UPDATE: So today, I get a call from someone named Joshua Melder, who works as an attorney in Cassie Felder’s law firm.

Melder proceeds to tell me that he’s about to file for a Temporary Restraining Order against this site in an effort, I assume, to stop us from writing about his boss’ congressional campaign.

I shut him down and told him I don’t talk to lawyers who say they’re going to sue me. I told him he could e-mail me if he wants; otherwise he could do something anatomically impossible.
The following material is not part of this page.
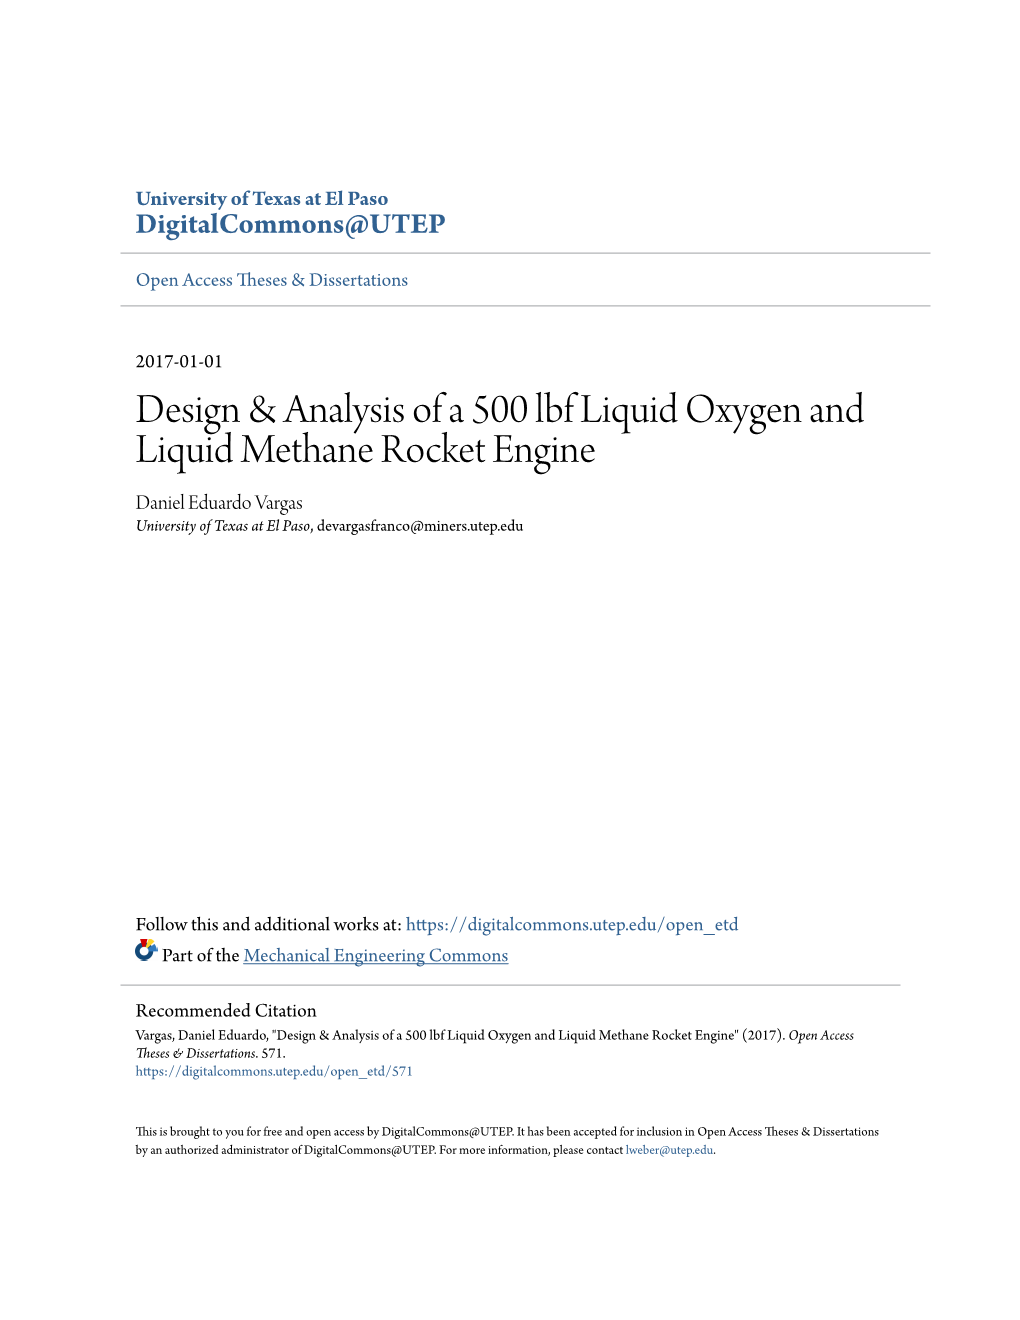 Design & Analysis of a 500 Lbf Liquid Oxygen and Liquid Methane Rocket

So this shows up in my inbox…

Mr. McKay,

Thank you for speaking with me via telephone a moment ago. As we discussed, I explained that I am, on behalf of Mrs. Felder, submitting to the court a request for a temporary restraining order. Further, when I attempted to explain the basis of the temporary restraining order and its intended effect, you stated you did not want to listen. You then directed me to send you an email stating that the request for a temporary restraining order would be filed.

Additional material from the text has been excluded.